Thinking About Innovation
I get emails every week asking for permission to reprint, quote, and distribute one or more papers I wrote on decision-making. It’s been forever since I actually looked at what you can download on this site so I went back and looked. Here’s a snip from a paper on innovation I wrote. The words seem useful even today . . .
Having participated in the tail end of it as a go-to-market consultant to a number of incubator companies, I had a ringside seat to both the good and the really ugly of the dot.com excitement. At literally the height of the boom, days before the wall started coming down, I wrote a kind of innovator’s credo that I called the disruptor’s dilemma, which had the following dimensions.
Nothing is Known. If it really hasn’t been done before, there are few if any known market requirements, and therefore your planning and projections are pretty much guesswork.
What Used To Work, Won’t. The strategies and tactics that worked so well in the value system you just left probably won’t work in the market space you’re about to enter.
Half of What You Decide Is Wrong. As a result of the first two points, you have to make the assumption that at least half of the decisions you make are probably wrong.
Half Of What You Learn Is Right. You’ll spend every waking minute on a massive learning curve, and the feedback you’ll receive will usually be completely contradictory. You should worry if that’s not the case. The question is: where is the truth?
All Of What’s Right Is Only Useful For Half As Long As It Used To Be. Just because something is true, doesn’t mean it will continue to be true.
Success Is Out There, It’s Just Somewhere Else. If you keep learning, adapting, and innovating you might just succeed.
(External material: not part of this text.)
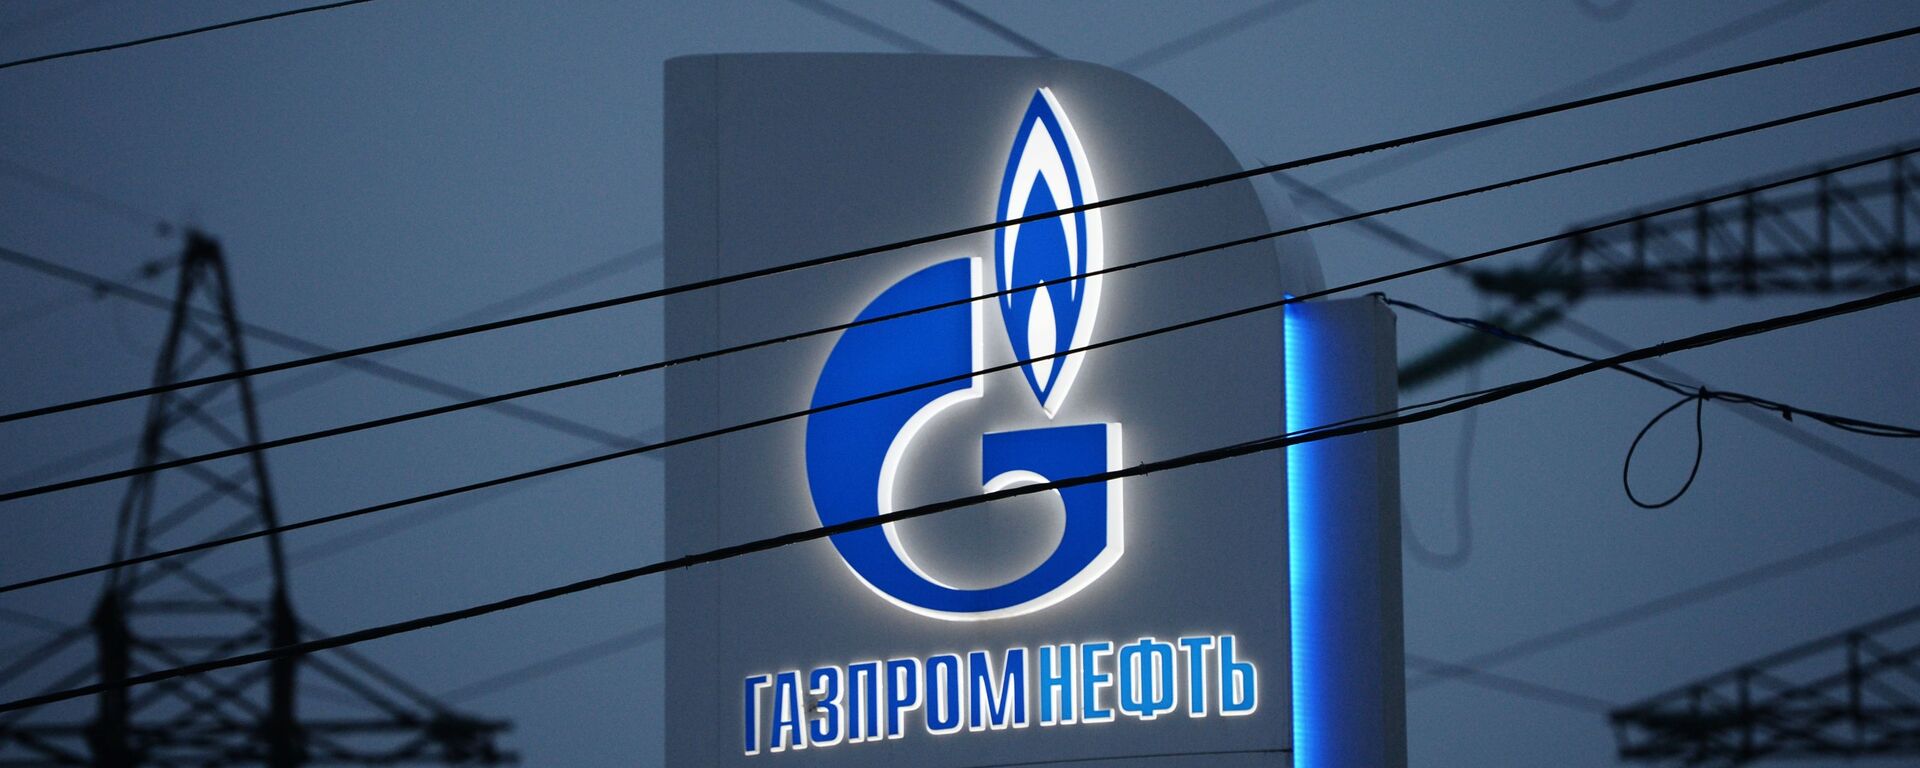 Logo de la empresa rusa Gazprom Neft - Sputnik Mundo, 1920, 16.06.2020

It’s just that success probably won’t lie where you thought it would.
Depending on your point of view, this is either a recitation of the worst of the dot.com hyperbole, or it is a reasonable set of guidelines for nurturing innovation. This led me to articulate what I then saw, and still see, as the “Six Laws of Successful Innovation,” which are as follows:
Your plans won’t hold up so compress your planning. Bring the right people to the problem; stress test your thinking, make clear decisions, keep your documentation simple, and launch decisively.
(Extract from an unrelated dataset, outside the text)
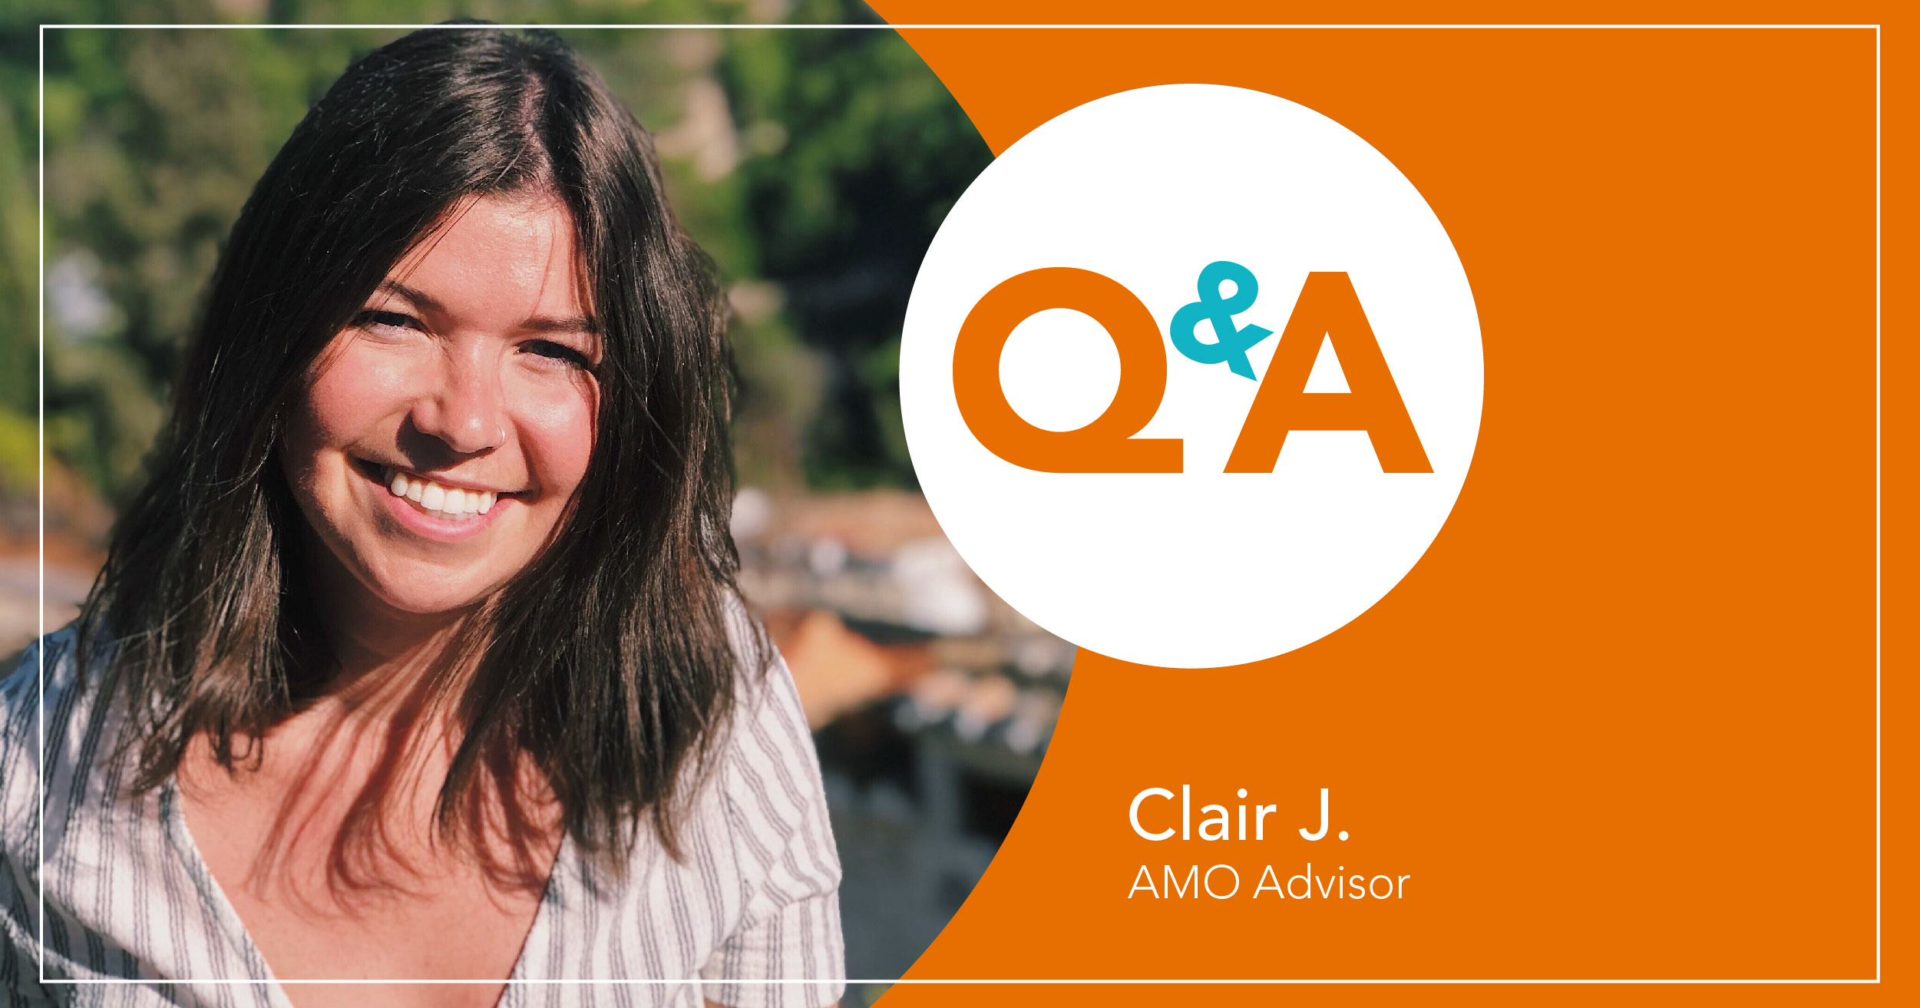 Meet AMO Advisor Clair

Keep it simple. Complexity shows up all by itself.
Once you launch, go fast and hard. Compress your learning into small segments of time and space. Think in 100-day increments.
Embrace your mistakes. Mistakes are good because they tell you what not to do, so don’t cover them up. You’re probably going to make a bunch, so plan how you’re going to learn from your mistakes.
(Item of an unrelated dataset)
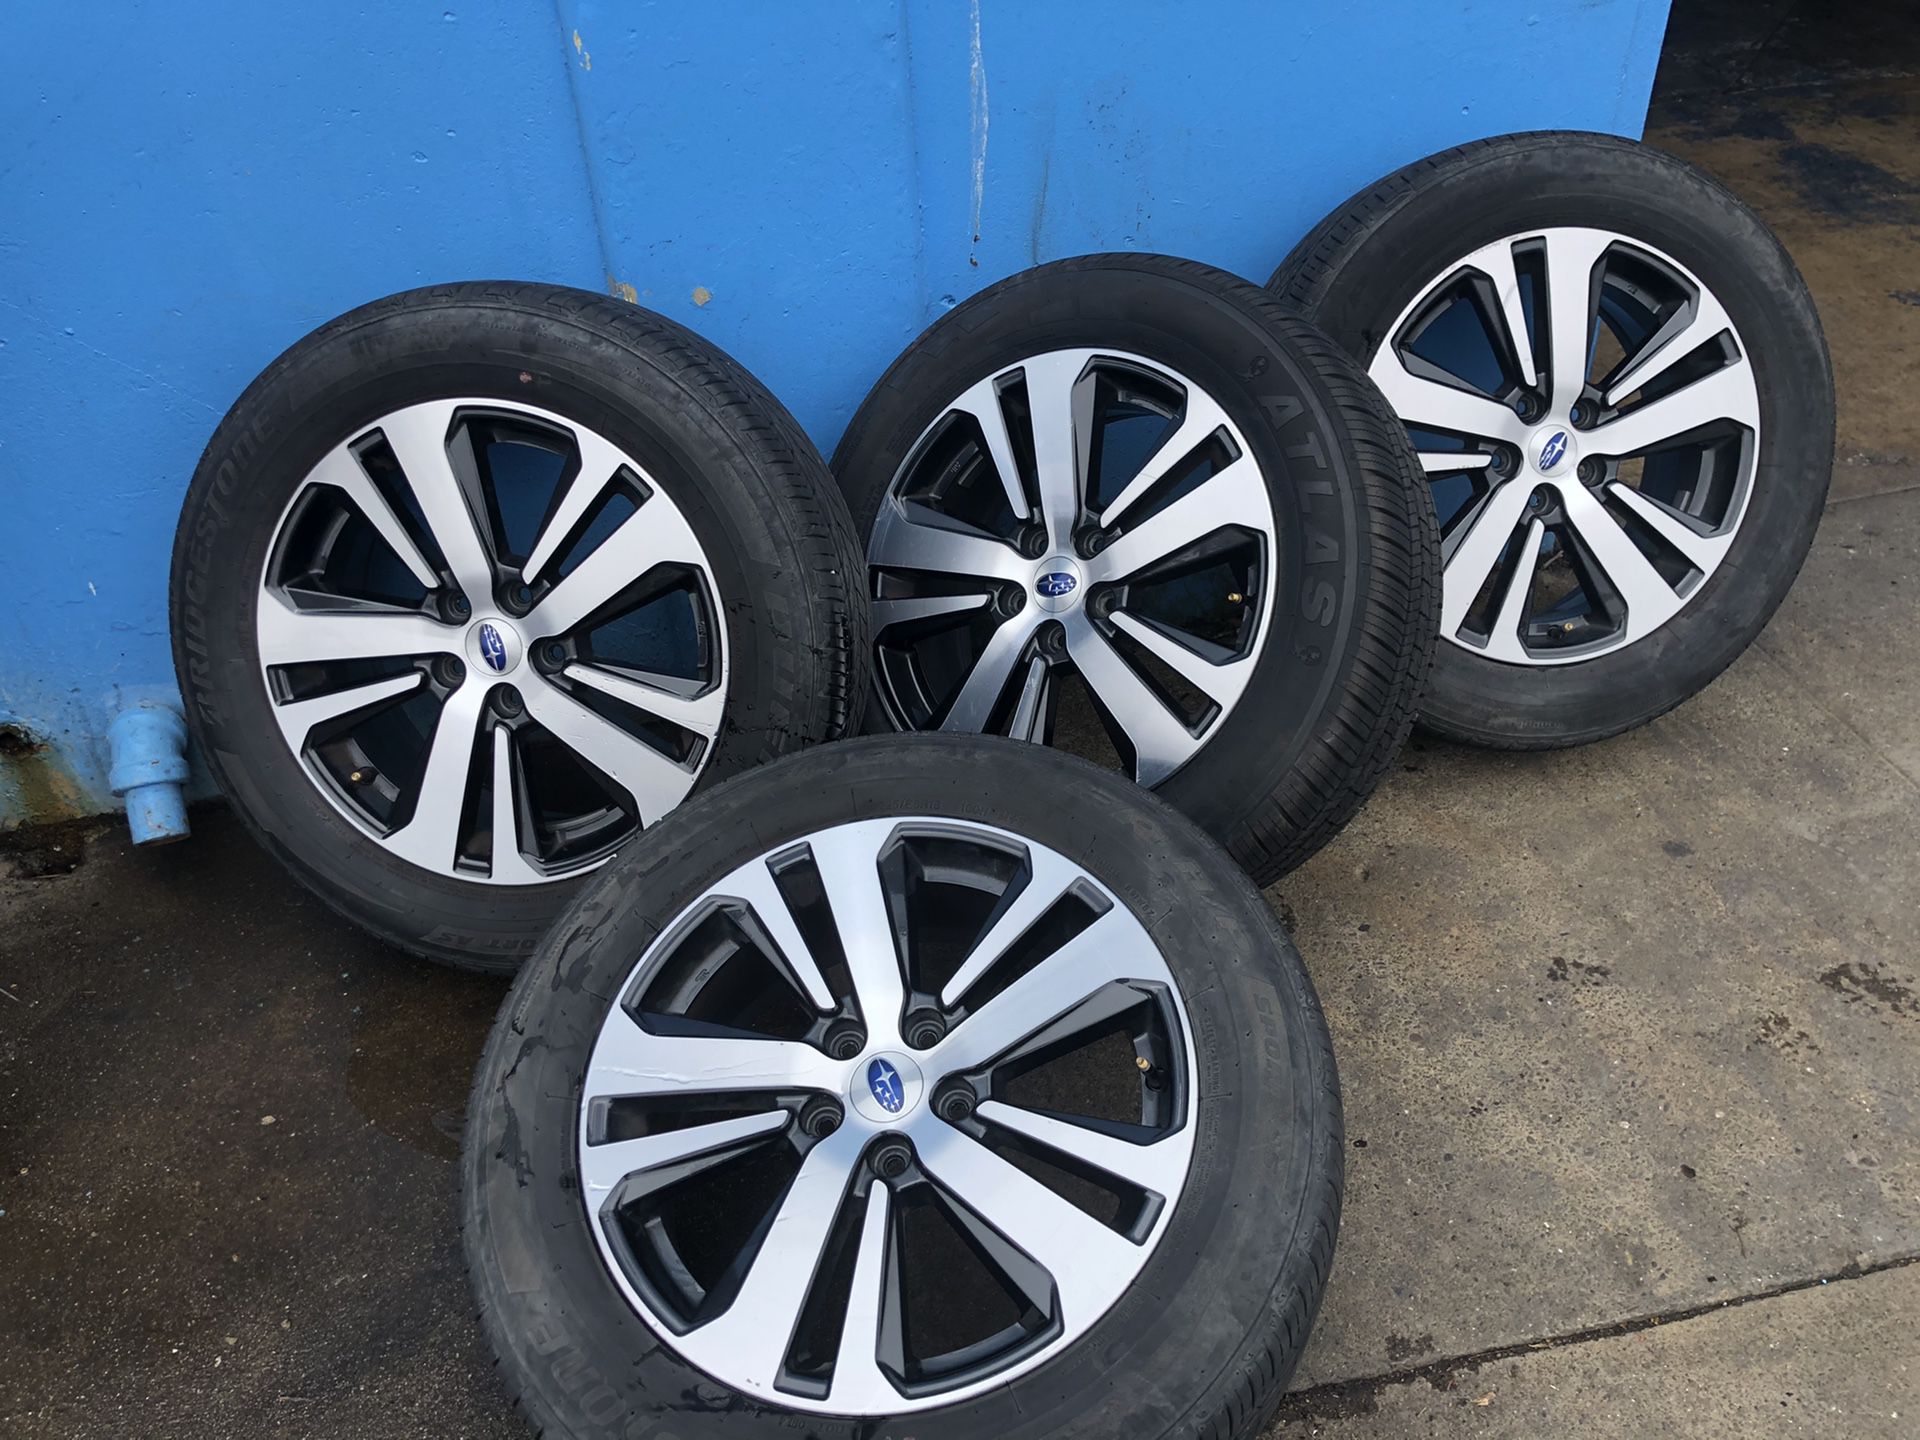 2019 Subaru Outback wheels

Expect the unexpected. You’re going to whack some beehives in the process (particularly if you’re really innovating), and the bees are going to swarm. Don’t expect the market to sit around and watch as you try to redefine reality. Expect pushback. Expect to be counterattacked from unexpected directions. Expect partners to make silly decisions. It should all tell you that you’re doing something right.
You’re going to win in unexpected ways so build your organization, rewards structure, and partnership agreements accordingly.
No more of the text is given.